Tim Peters [Sun, 8 Aug 2004 16:43:59 +0000 (16:43 +0000)]
Tell unittest that source files with "badsyntax" in their names should
raise SyntaxError. test_compiler passes now on WinXP, at least in a
release-build non-O run.
Added XXX comment about why the undocumented PyRange_New() API function
is too broken to be worth the considerable pain of repairing.
Changed range_new() to stop using PyRange_New(). This fixes a variety
of bogus errors. Nothing in the core uses PyRange_New() now.
Documented that xrange() is intended to be simple and fast, and that
CPython restricts its arguments, and length of its result sequence, to
native C longs.
Added some tests that failed before the patch, and repaired a test that
relied on a bogus OverflowError getting raised.
Tim Peters [Sun, 8 Aug 2004 06:11:48 +0000 (06:11 +0000)]
Get rid of the ignore_imports argument to DocTestFinder.find().
This got slammed in when find() was fixed to stop grabbing doctests
from modules imported *by* the module being tested. Such tests cannot
be expected to succeed, since they'll be run with the current module's
globals. Dozens of Zope3 doctests were failing because of that.

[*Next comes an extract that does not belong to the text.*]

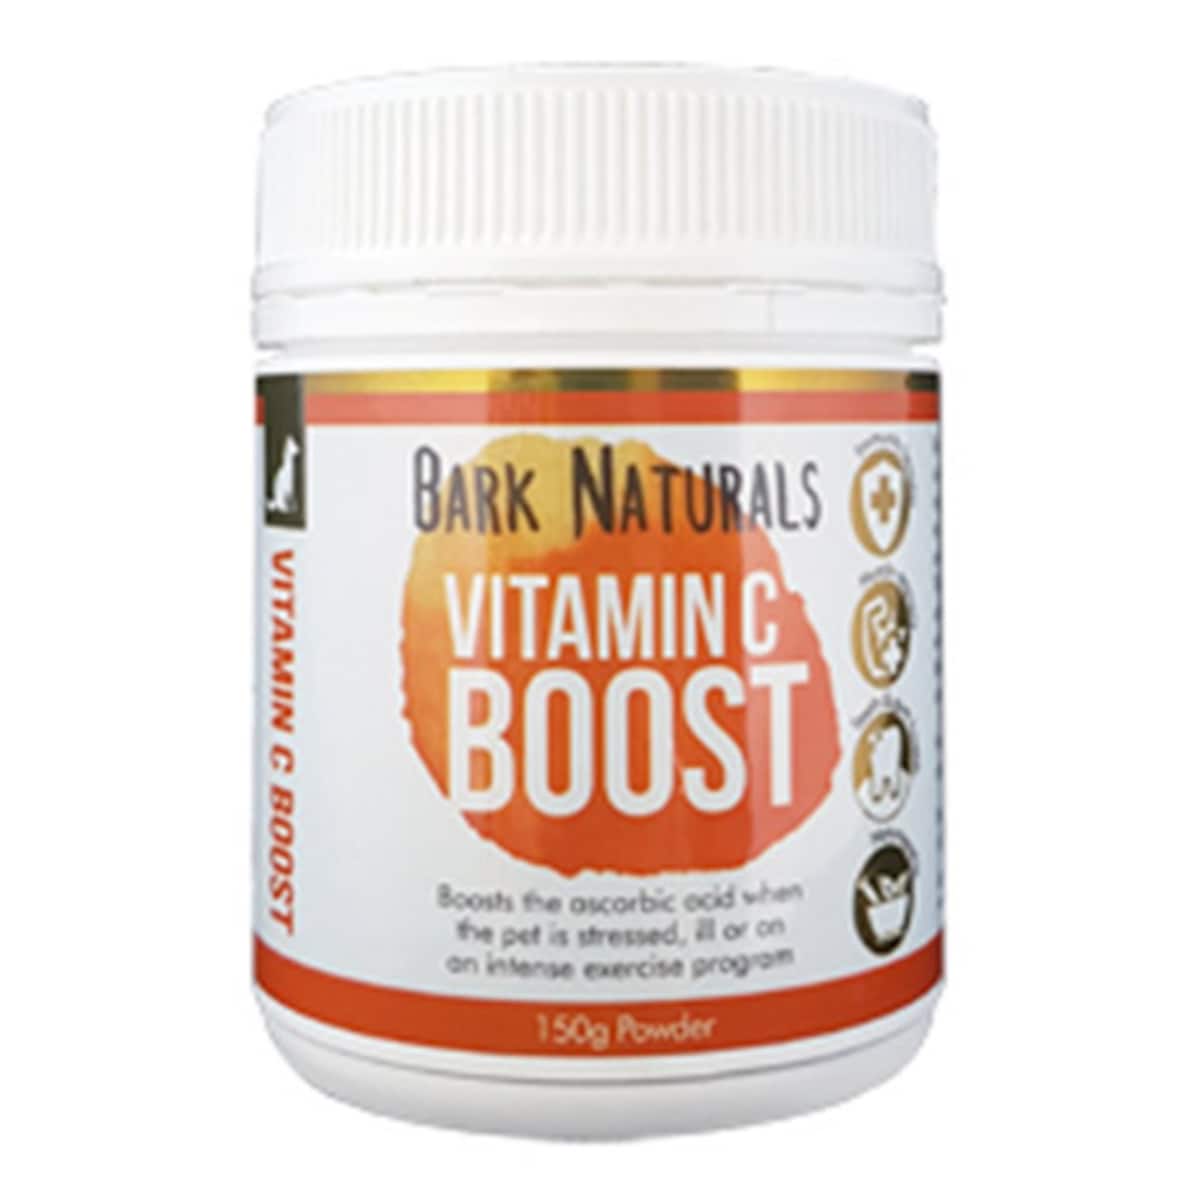 Bark Naturals Vitamin C Boost 150G

It wasn't clear why ignore_imports got added then. Maybe it's because
some existing tests failed when the change was made. Whatever, it's
a Bad Idea so it's gone now.
The only use of it was exceedingly obscure, in test_doctest's "Duplicate
Removal" test. It was "needed" there because, as an artifact of running
a doctest inside a doctest, the func_globals of functions compiled in
the second-level doctest don't match the module globals, and so the
test-finder believed these functions were from a foreign module and
skipped them. But that took a long time to figure out, and I actually
understand some of this stuff <0.9 wink>.

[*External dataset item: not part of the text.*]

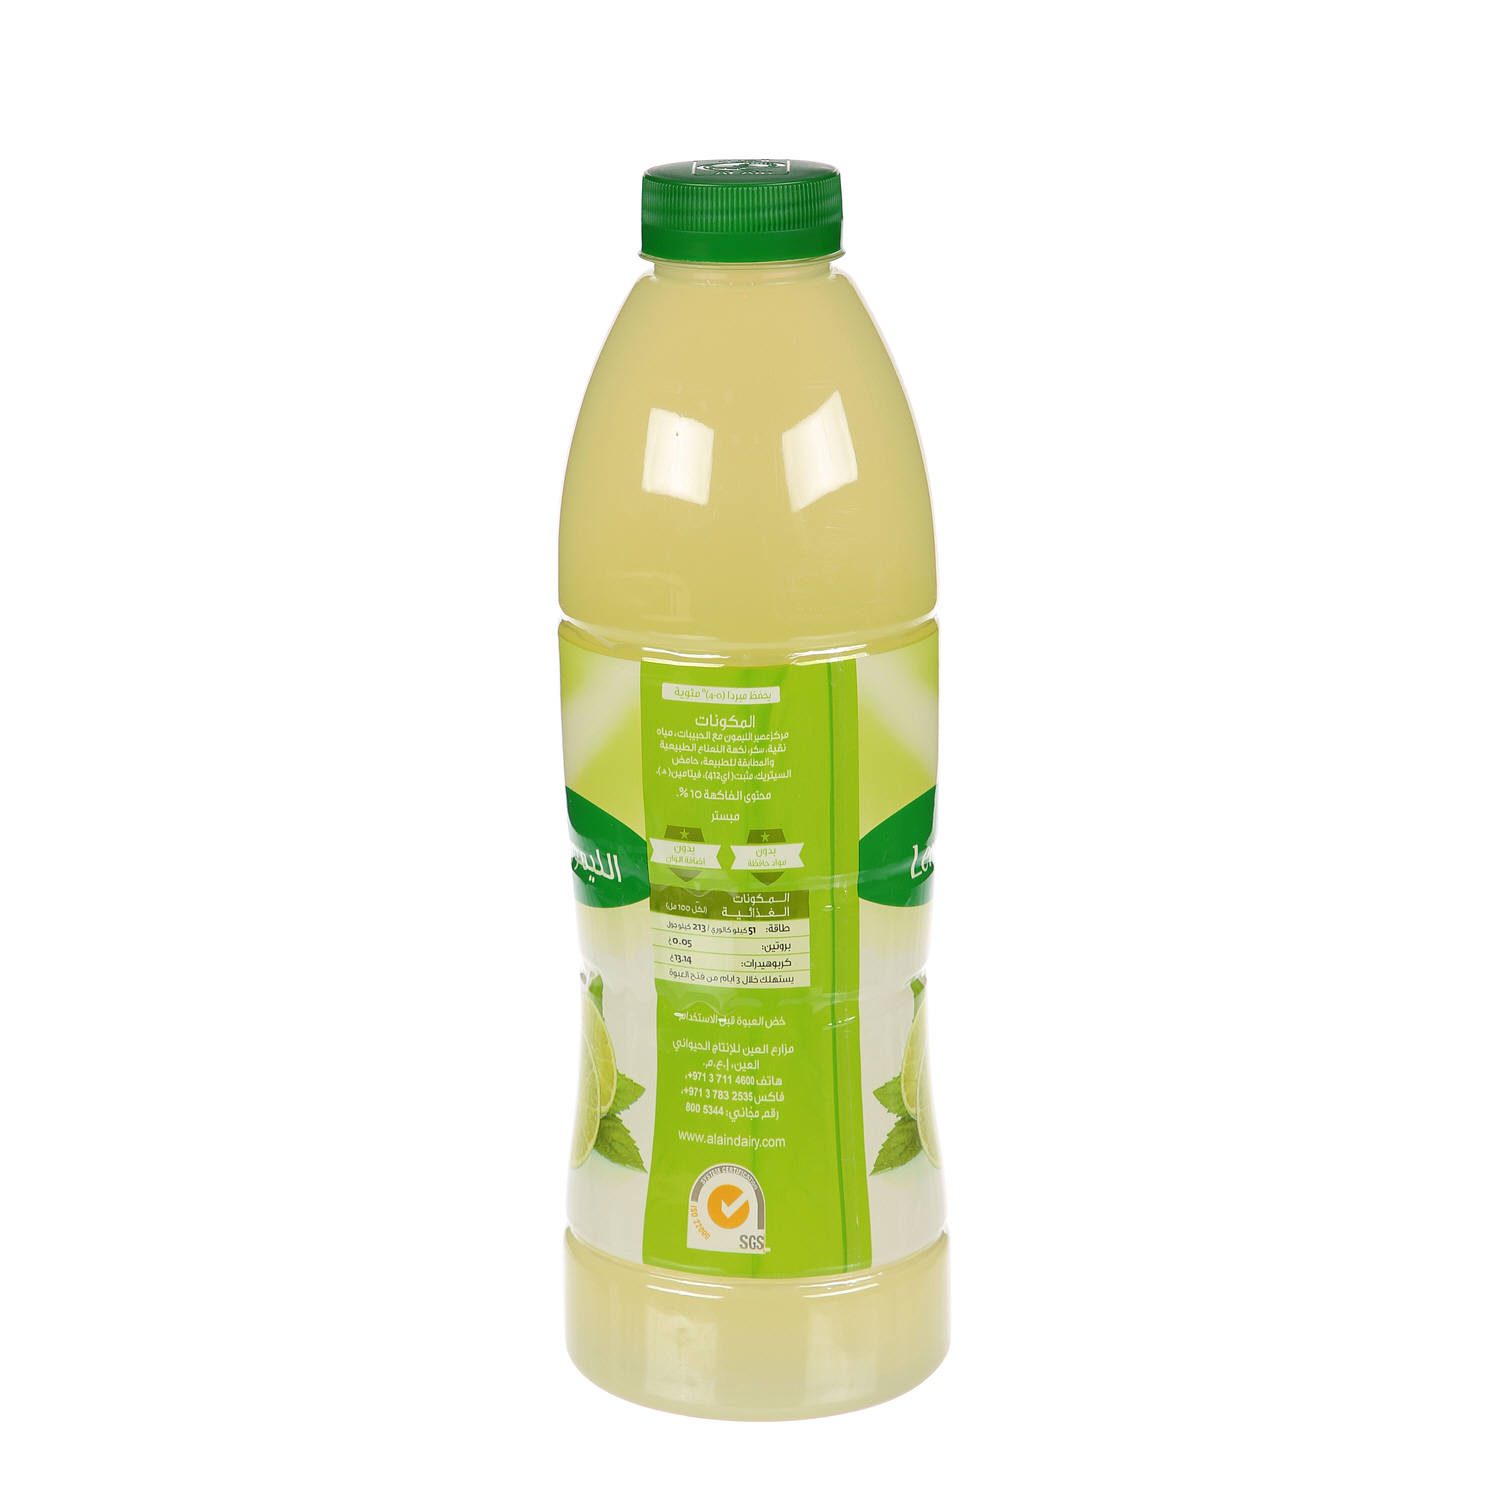 Al Ain Lemon Mint Drink 1 Ltr

That problem was resolved by moving the source code for the second-level
doctest into an actual module (test/doctest_aliases.py).
The only remaining difficulty was that the test for the deprecated
Tester.rundict() then failed, because the test finder doesn't take
module=None at face value, trying to guess which module the user really
intended then. Its guess wasn't appropriate for what Tester.rundict
needs when module=None is given to *it*, which is "no, there is no
module here, and I mean it". So now passing module=False means exactly
that. This is hokey, but ignore_imports=False was really a hack to worm
around that there was no way to tell the test-finder that module=None
*sometimes* means what it says. There was no use case for the combination
of passing a real module with ignore_imports=False.
Tim Peters [Sun, 8 Aug 2004 01:48:59 +0000 (01:48 +0000)]
Deprecated testmod's useless & confusing isprivate gimmick.
Ripped out the docs for the new DocTestFinder's namefilter argument,
and renamed it to _namefilter; this only existed to support isprivate.
Removed the new DocTestFinder's objfilter argument. No point adding
more cruft to a broken filtering design.
Tim Peters [Sun, 8 Aug 2004 01:00:47 +0000 (01:00 +0000)]
Bug 1003471: Python 1.5.2 security vulnerability still present in 2.3.4
That's the title of the report, but the hole was probably plugged since
Python 2.0. See corresponding checkin to PC/getpathp.c: a crucial
precondition for joinpath() was neither documented nor verified, and there
are so many callers with so many conditional paths that no "eyeball
analysis" is satisfactory. Now Python dies with a fatal error if the
precondition isn't satisfied, instead of allowing a buffer overrun.
NOT TESTED! The Windows version of the patch was, but not this one. I
don't feel like waiting for someone to notice the patch I attached to the
bug report. If it doesn't compile, sorry, but fix it <wink>. If it
does compile, it's "obviously correct".
Armin Rigo [Sat, 7 Aug 2004 20:58:32 +0000 (20:58 +0000)]
This was quite a dark bug in my recent in-place string concatenation
hack: it would resize *interned* strings in-place! This occurred because
their reference counts do not have their expected value -- stringobject.c
hacks them. Mea culpa.
Armin Rigo [Sat, 7 Aug 2004 20:30:03 +0000 (20:30 +0000)]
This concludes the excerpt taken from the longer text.